Given the loop issuing 22 read locks that sleep only a quarter of the time of the write lock, we might expect that this code will issue 22 read locks then all the write locks will occur at the end (and if we put this in a forever loop, then the writes would never occur).
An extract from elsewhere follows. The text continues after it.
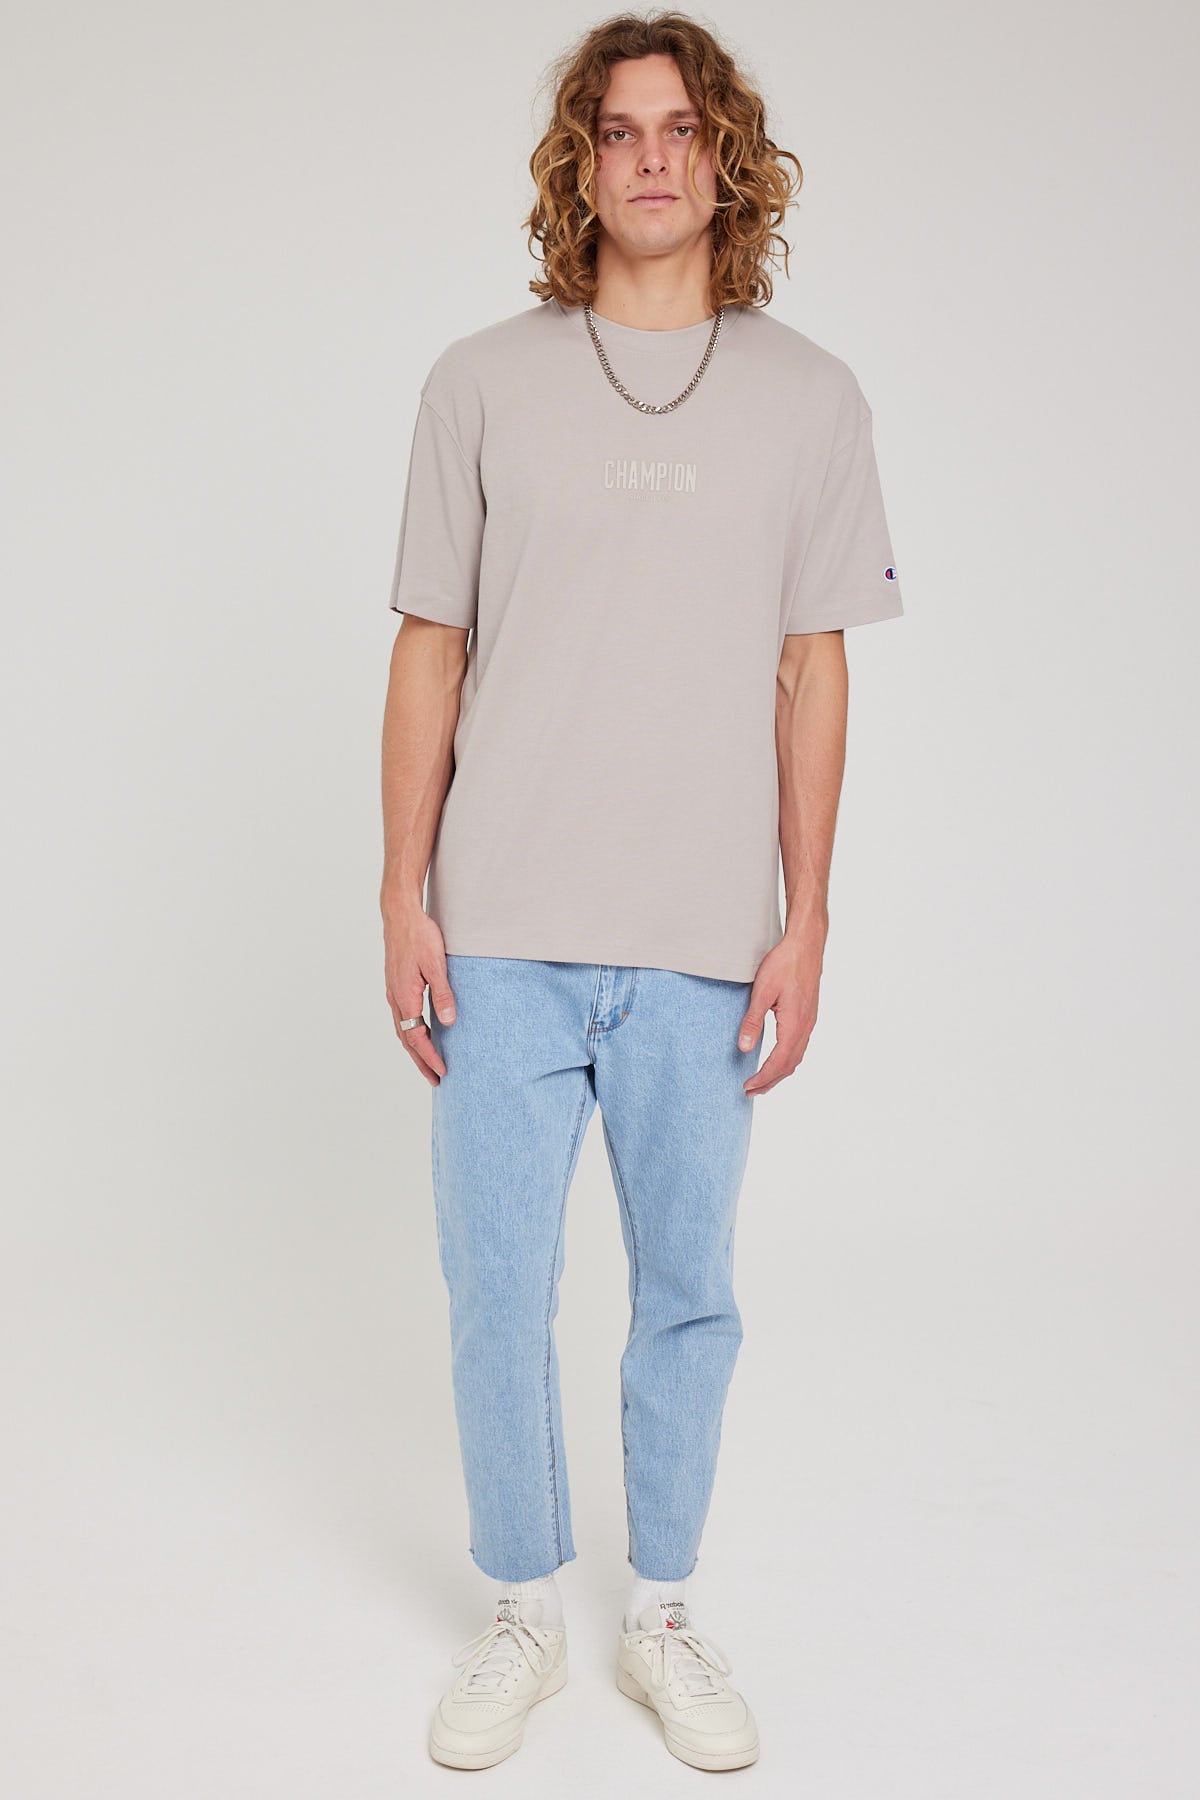 Champion Rochester Base Tee Pearl Oyster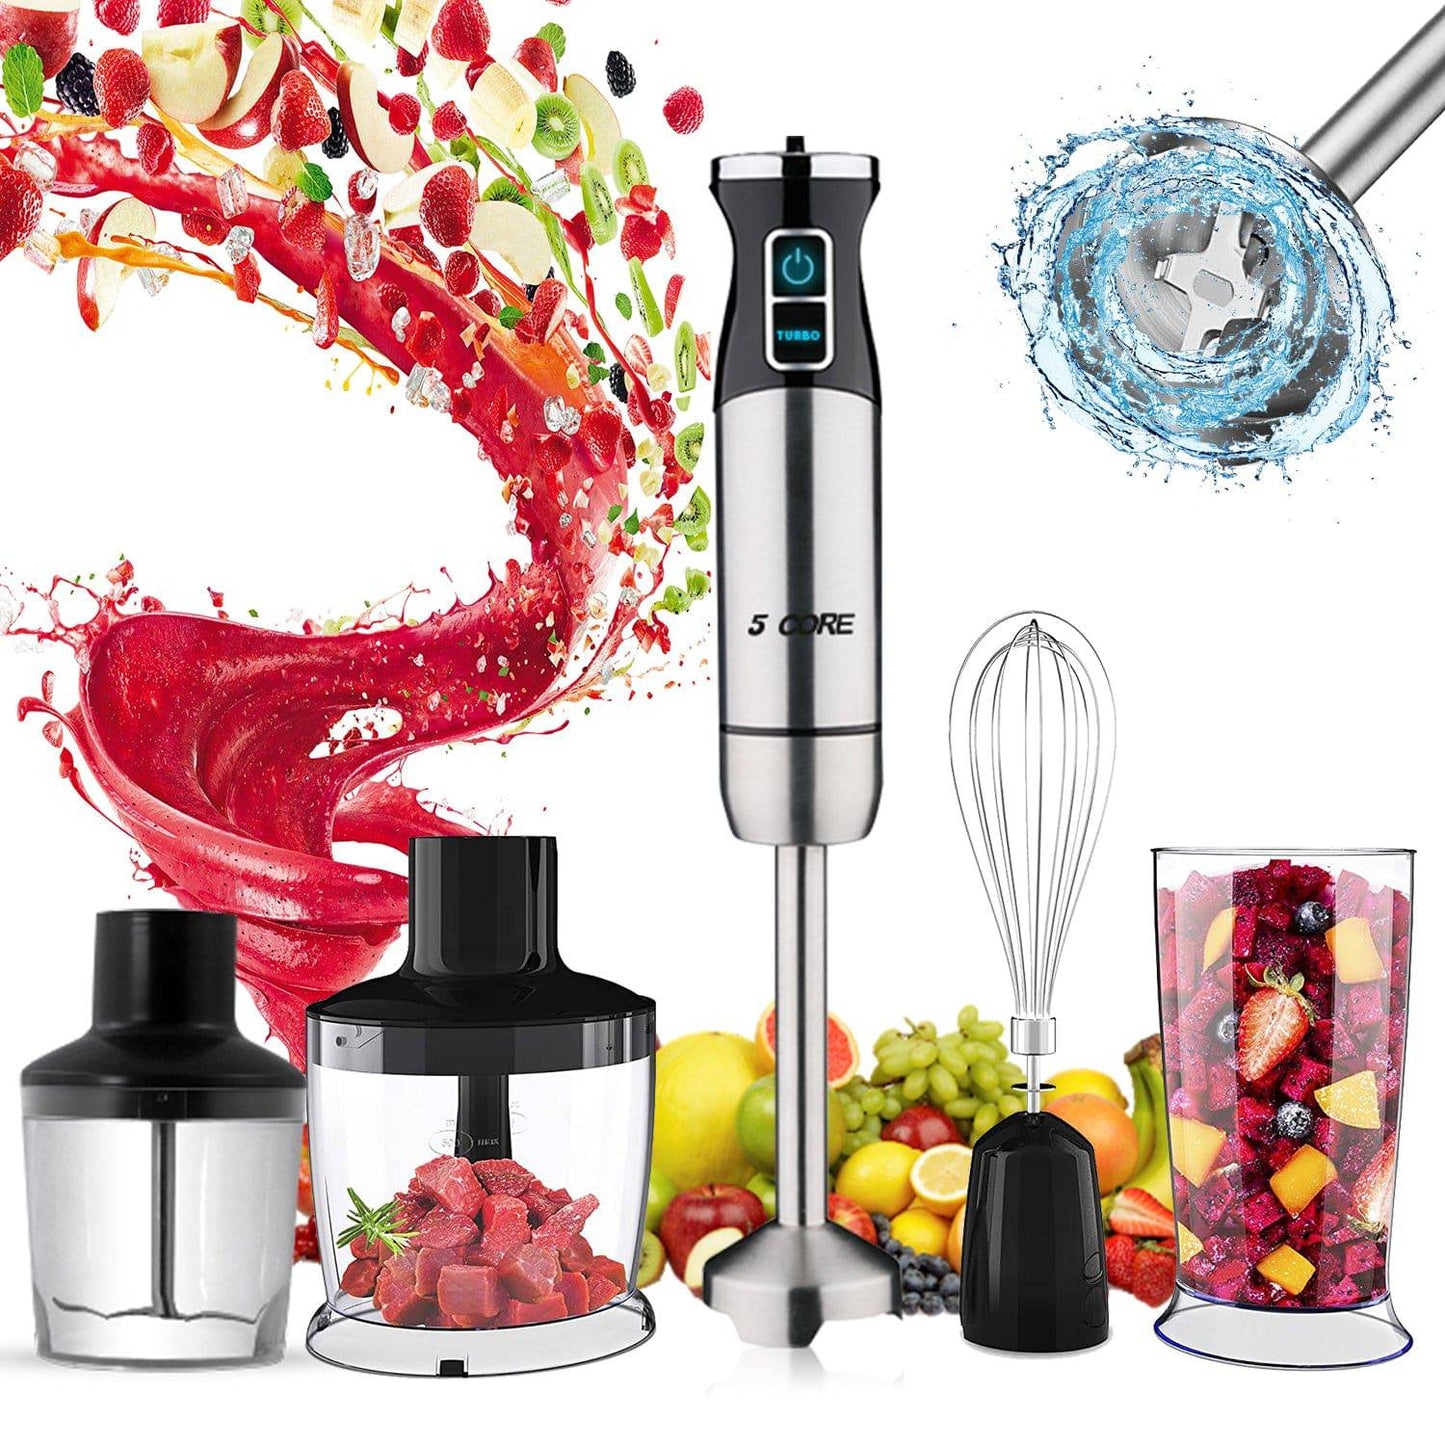 5 Core 5-in-1 Immersion Hand Blender, Powerful 500W Motor- 8 Speed Handheld Stick Blender with 304 Stainless Steel Blades, BPA-Free Milk Frother, Smoothies, Egg Whisk, Puree Infant Food, Sauces and Soups HB 1520-0

However, the output of this is as follows:

2017/09/08 12:43:40 18 written after 1.004461829s
2017/09/08 12:43:40 18 read after 1.508343716s
2017/09/08 12:43:40 18 read after 1.50842899s
2017/09/08 12:43:40 18 read after 1.508362345s
2017/09/08 12:43:40 18 read after 1.508339659s
2017/09/08 12:43:40 18 read after 1.50852229s
2017/09/08 12:43:41 42 written after 2.513789339s
2017/09/08 12:43:42 42 read after 3.0163191s
2017/09/08 12:43:42 42 read after 3.016330534s
2017/09/08 12:43:42 42 read after 3.016355628s
2017/09/08 12:43:42 42 read after 3.016371381s
2017/09/08 12:43:42 42 read after 3.016316992s
2017/09/08 12:43:43 3 written after 4.017954589s
2017/09/08 12:43:43 3 read after 4.518495233s
2017/09/08 12:43:43 3 read after 4.518523255s
2017/09/08 12:43:43 3 read after 4.518537387s
2017/09/08 12:43:43 3 read after 4.518540397s
2017/09/08 12:43:43 3 read after 4.518543262s
2017/09/08 12:43:43 3 read after 4.51863128s
2017/09/08 12:43:44 101 written after 5.521872765s
2017/09/08 12:43:45 101 read after 6.023207828s
2017/09/08 12:43:45 101 read after 6.023225272s
2017/09/08 12:43:45 101 read after 6.023249529s
2017/09/08 12:43:45 101 read after 6.023190828s
2017/09/08 12:43:45 101 read after 6.023243032s
2017/09/08 12:43:45 101 read after 6.023190457s
2017/09/08 12:43:45 101 read after 6.04455716s
2017/09/08 12:43:45 101 read after 6.29457923s


What Go implements is actually something else: read locks can only be acquired so long as the original read lock is maintained (the word “initial” being critical in the documentation). As soon as the first read lock is released, then the queued write-lock gets priority. The first read lock lasts approximately 500ms; this means that there is enough time for between 4-5 other locks to acquire a read lock, as soon as the first read lock completes, the write is given priority.